Deswegen möchte ich an dieser Stelle mich mal bei allen Organisationen und Initiativen bedanken, die sich dezidiert für das Leben einsetzen. Und da gibt es sehr viele in Europa. Diese erfüllen im wahrsten Sinne des Wortes eine wichtige Aufgabe. Sie schützen die Menschenwürde, sie schützen das Leben, sie setzen sich für den rechtlichen Schutz des ungeborenen Lebens ein. Ihre Arbeit ist nicht leicht. Sie leisten nicht nur politisches und gesellschaftliches Engagement, sondern sie bieten auch ganz konkrete Hilfe an, Beratung für schwangere Frauen in Notlagen, praktische und materielle Unterstützung sowie auch Begleitung von Müttern, Familien und Kleinkindern. Viele dieser Lebensschutzorganisationen finanzieren sich fast ausschließlich von Spenden und mit vielem privatem, ehrenamtlichem Engagement. Umso stärker ist ihr Einsatz zu würdigen.

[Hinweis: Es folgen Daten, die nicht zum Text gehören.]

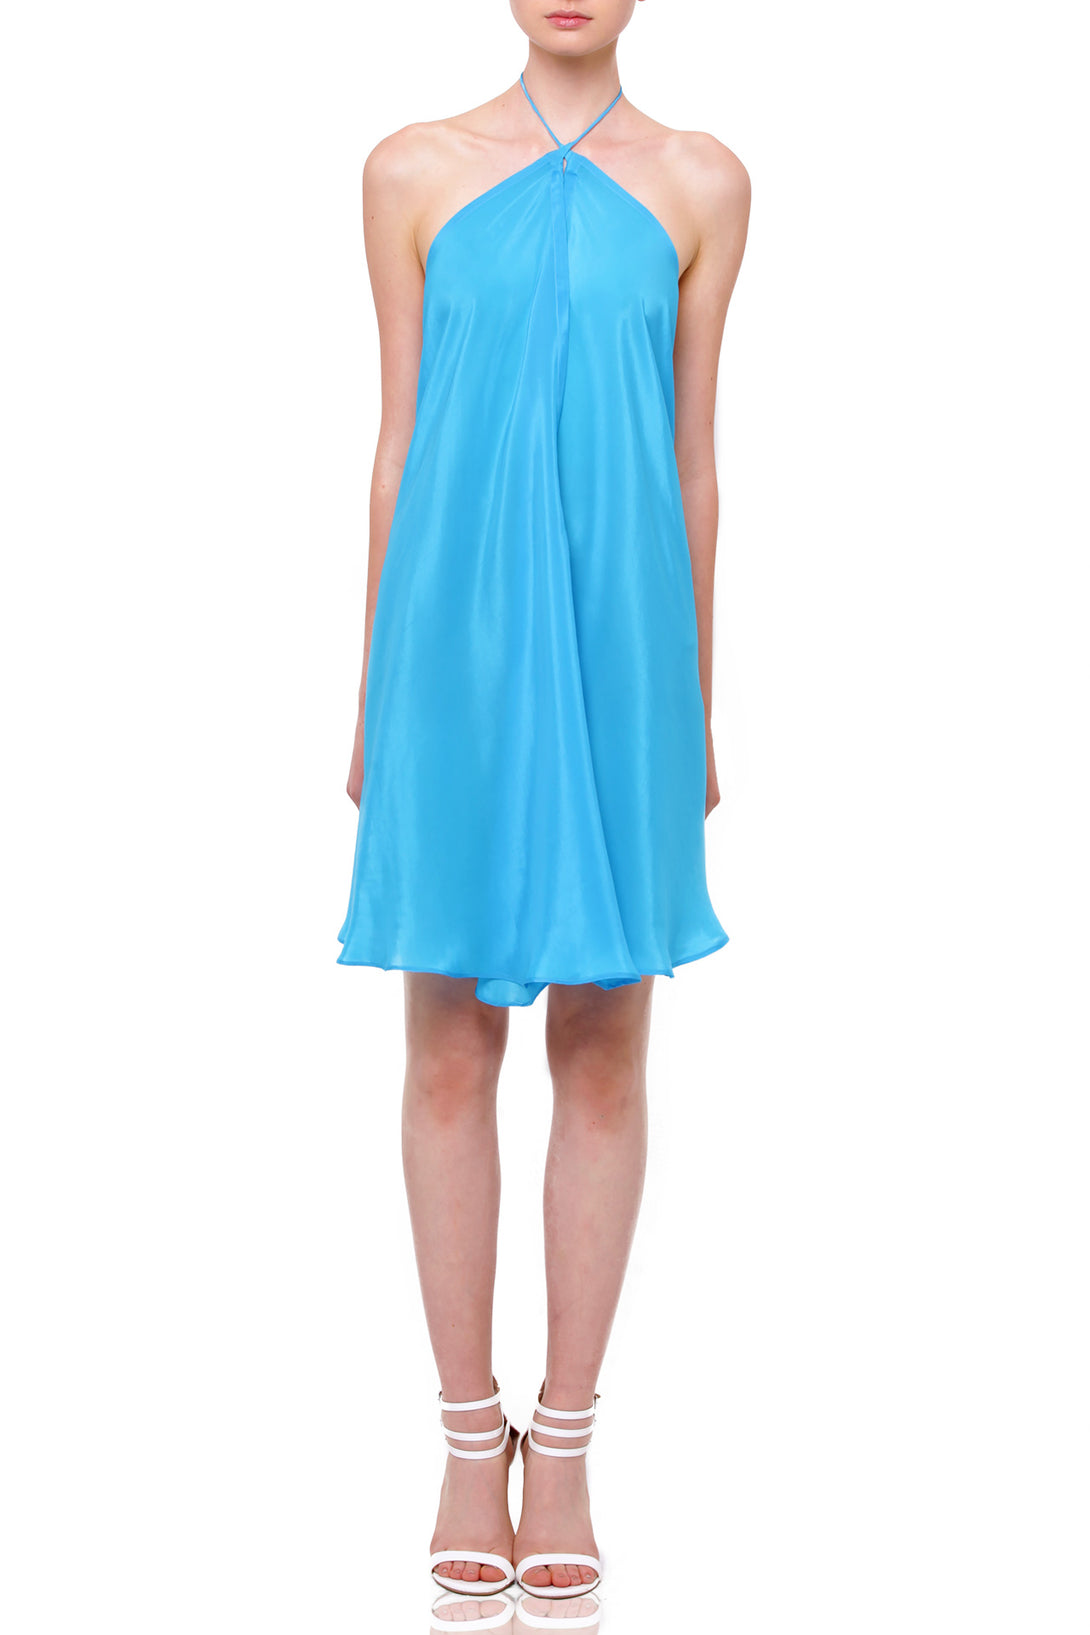  light blue mini dress, short frock for women party wear, Shahida Parides, sleeveless short dress,
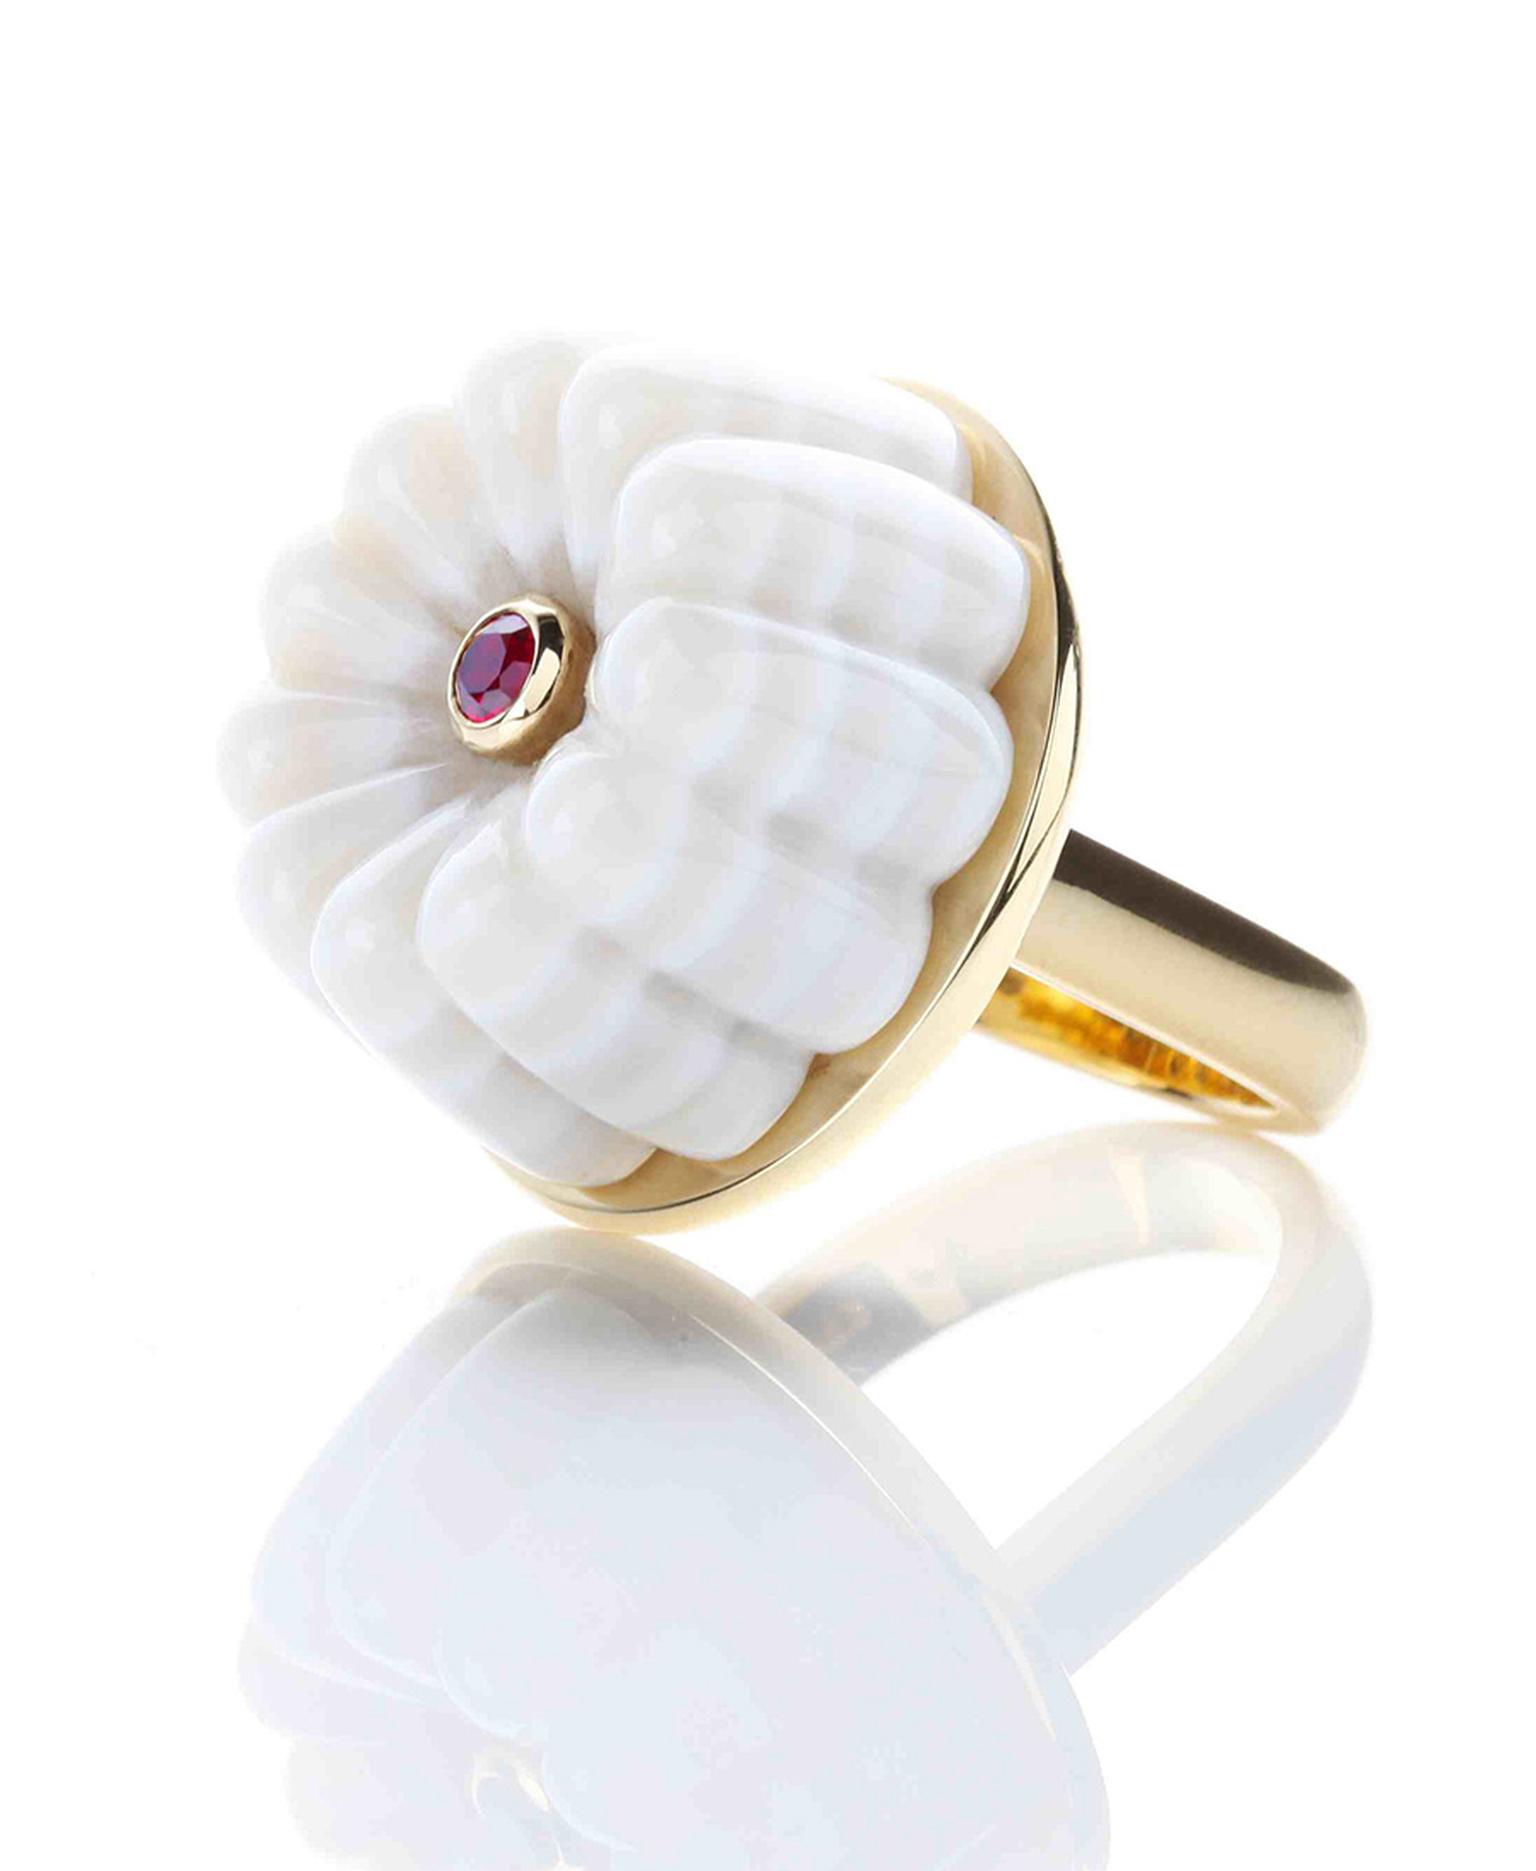 Cora-Sheibani-jelly-&-guglehopf-rings--£3500--£4200.jpg

An dieser Stelle möchte ich einige dieser Organisationen mal namentlich erwähnen. Erstens: ALfA e.V., Aktion Lebensrecht für alle. Ich danke ihnen für ihren Einsatz zum Schutz des Lebens von der Zeugung bis zum natürlichen Tod. Ich danke ihnen für ihr Hilfsnetzwerk, für ihre Beratung sowie für ihre praktische und materielle Hilfe. Dann die Organisation 1000plus und Pro Femina e.V. Die sind in meinem Wahlkreis in Heidelberg und werden oft attackiert von Linksradikalen, aber sie sind standhaft und machen weiter und treten für ihre Überzeugungen ein. Die STIFTUNG JA ZUM LEBEN, der Bundesverband Lebensrecht und schließlich alle Organisationen und Bürger, die an Demonstrationen unter dem Namen "Marsch für das Leben" teilgenommen haben, in Deutschland, in Europa, in den Vereinigten Staaten und weltweit. Sie alle haben damit ein klares Zeichen gesetzt für das Leben, für die Menschenwürde und für den Schutz der Schwächsten unter uns. Ihre Verdienste können gar nicht hoch genug eingeschätzt werden. Ich danke ihnen von Herzen für ihren Einsatz und wünsche ihnen Gottes Bewahrung und seinen Segen. Vielen herzlichen Dank.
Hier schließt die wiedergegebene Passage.